# Role of p21 activated kinase in Leukemogenesis

> **NIH NIH R01** · INDIANA UNIVERSITY INDIANAPOLIS · 2024 · $350,846

## Abstract

ABSTRACT
During the previous funding cycle, our research focused on studies related to mechanism(s) of transformation
by FLT3ITD and oncogenic KIT in myeloid leukemia’s including in AMLs and MPNs. We identified novel signaling
pathways downstream from these oncogenes that function individually as well as in cooperation with mutations
in epigenetic regulators such as TET2 and DNMT3A. The focus of this competitive renewal application involves
a better understanding of the role of the PI3Kinase/c-Myc/GCN2 pathway as well as the p38α MAPK pathway in
driving TET2 mediated clonal hematopoiesis (CH) in pre-leukemic cells and its cooperation with FLT3ITD driven
frank AML. We recently provided experimental evidence supporting the notion that exposure of HSCPs with
somatic TET2 (ten-eleven translocation 2, one of the most frequently mutated genes in individuals exhibiting CH)
mutations to acute/chronic infection or hyperglycemia (HG), as noted in patients with diabetes and obesity,
profoundly accelerates the development of CH and leukemia.
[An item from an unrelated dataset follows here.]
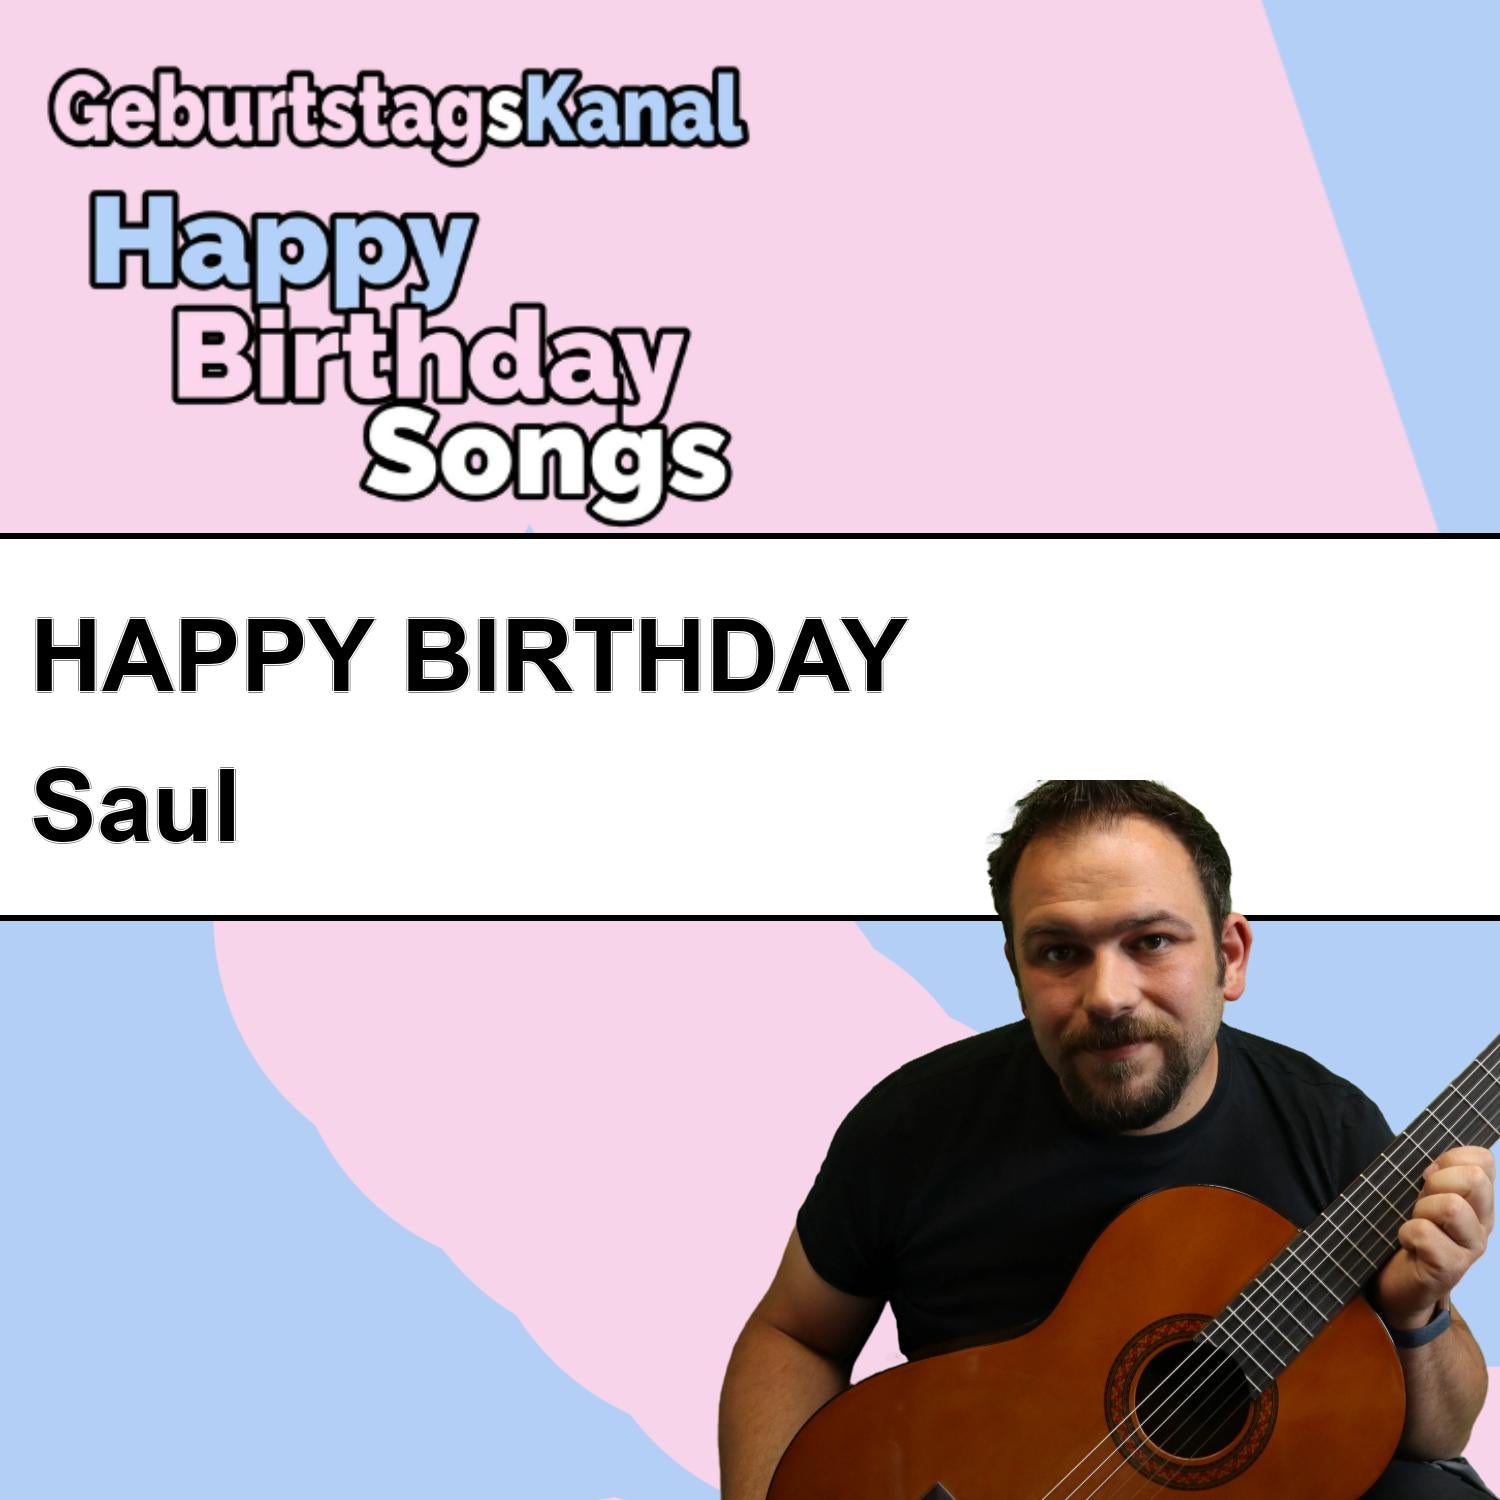 Produktbild Happy Birthday to you Saul mit Wunschgrußbotschaft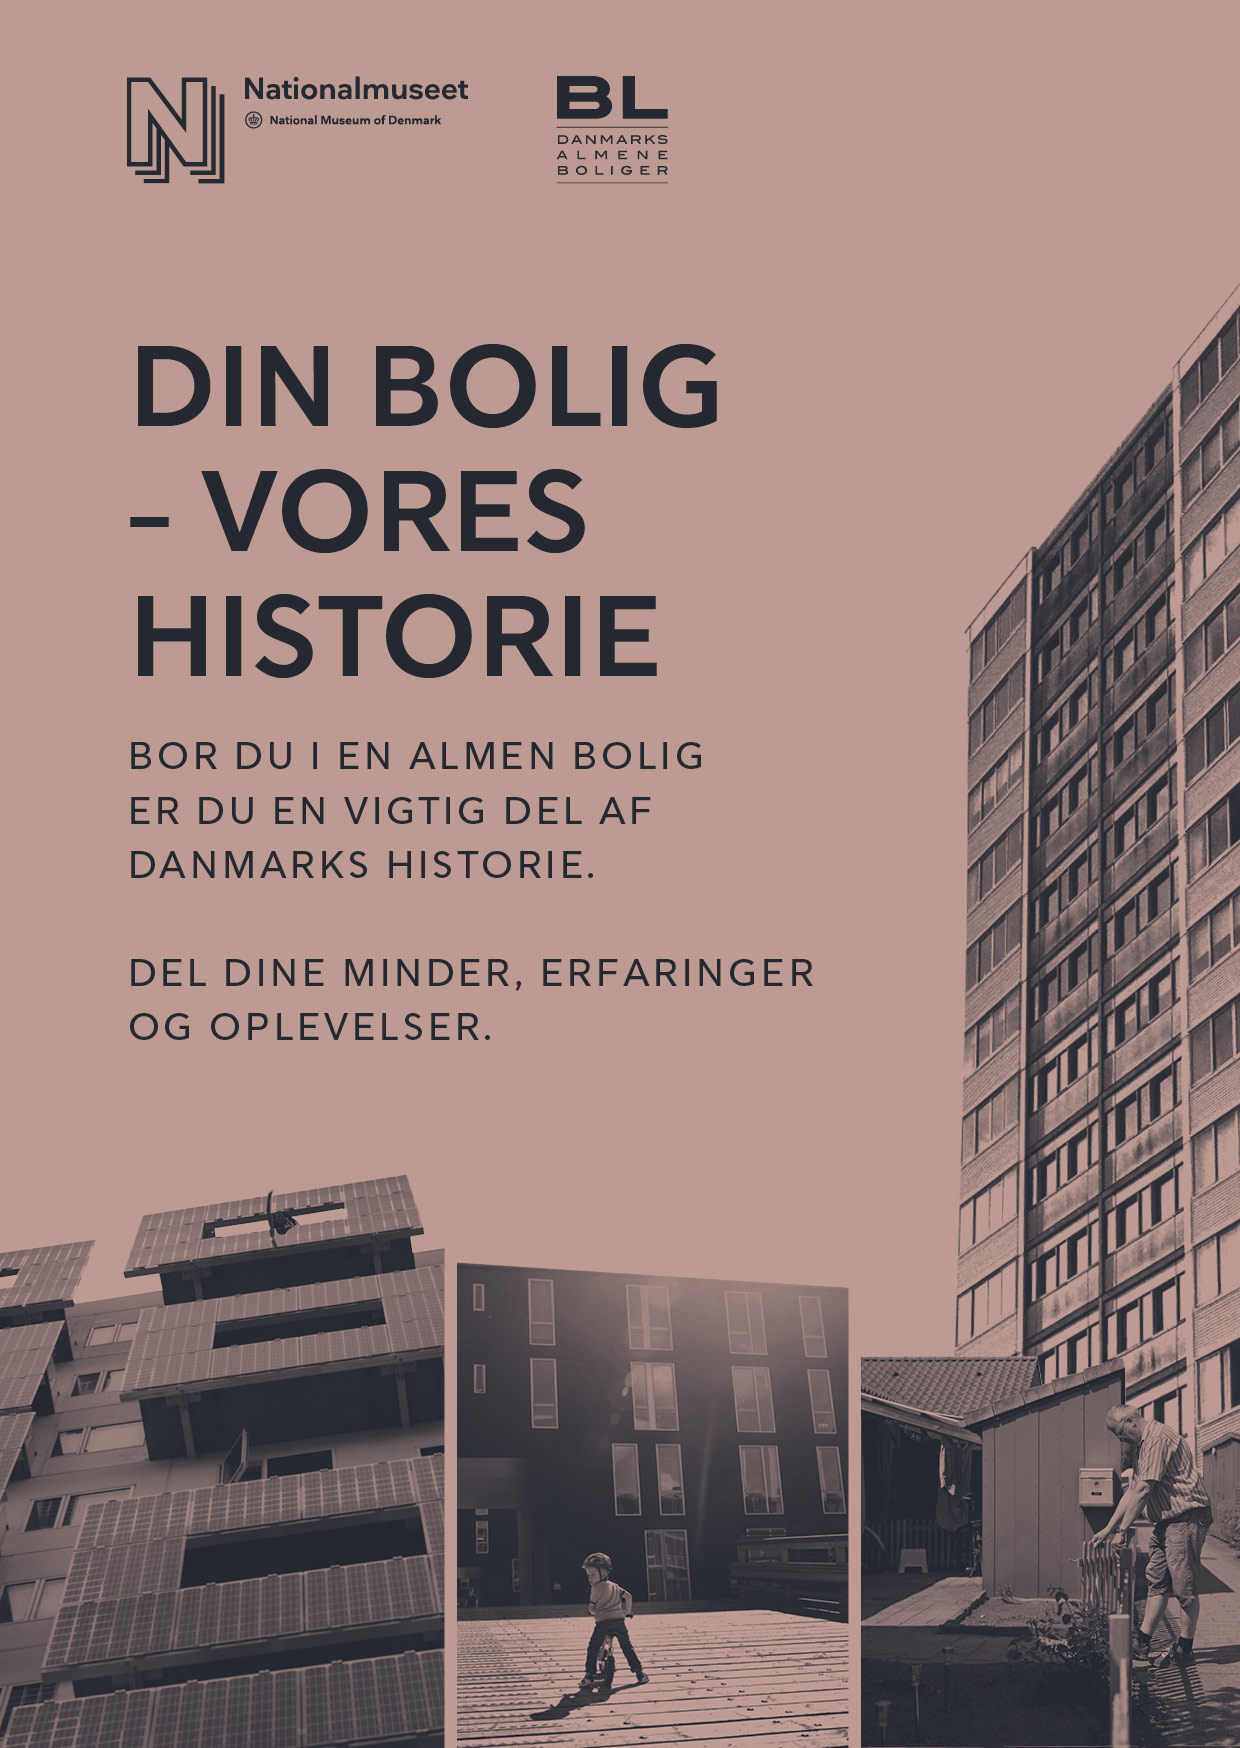 Din Bolig - vores Historie. Bor du i en almen bolig, er du en vigtig del af Danmarks historie.

We showed that this is in part due to enhanced
production of inflammatory cytokines by mutant HSCPs, which in a feed-forward loop drive the survival,
expansion and self-renewal of mutant HSCPs but induce apoptosis and differentiation in normal HSCPs.
However, the signaling mechanism(s) downstream from these mutations in HSCPs, which contribute to their
enhanced cellular competitiveness, are not known and the main focus of this proposal. Identifying these
pathways would allow us to therapeutically target these mutant cells to mitigate their competitiveness thereby
preventing or mitigating CH, development of leukemia and CVD. We performed an unbiased RNAseq analysis
on WT and Tet2 KO HSCPs and identified several dysregulated signaling pathways in Tet2 KO HSCPs
compared to WT. Here, we have focused our efforts on the PI3Kinase/c-Myc/GCN2 and the p38 MAPK pathway.
We show that these pathways provide competitive advantage to Tet2 mutant HSCPs but not WT HSCPs.
Inhibition of these pathways in Tet2 KO HSCPs, reverses and rescues, a significant number of cellular
competitive advantages associated with these cells. We will define the role of these pathways in more detail.
Furthermore, we will identify the mechanism(s) by which these pathways alter the function of downstream
signals.

## Key facts

- **NIH application ID:** 10893344
- **Project number:** 5R01CA173852-09
- **Recipient organization:** INDIANA UNIVERSITY INDIANAPOLIS
- **Principal Investigator:** Reuben Kapur
- **Activity code:** R01 (R01, R21, SBIR, etc.)
- **Funding institute:** NIH
- **Fiscal year:** 2024
- **Award amount:** $350,846
- **Award type:** 5
- **Project period:** 2014-05-01 → 2026-07-31

## Primary source

NIH RePORTER: https://reporter.nih.gov/project-details/10893344

## Citation

> US National Institutes of Health, RePORTER application 10893344, Role of p21 activated kinase in Leukemogenesis (5R01CA173852-09). Retrieved via AI Analytics 2026-05-24 from https://api.ai-analytics.org/grant/nih/10893344. Licensed CC0.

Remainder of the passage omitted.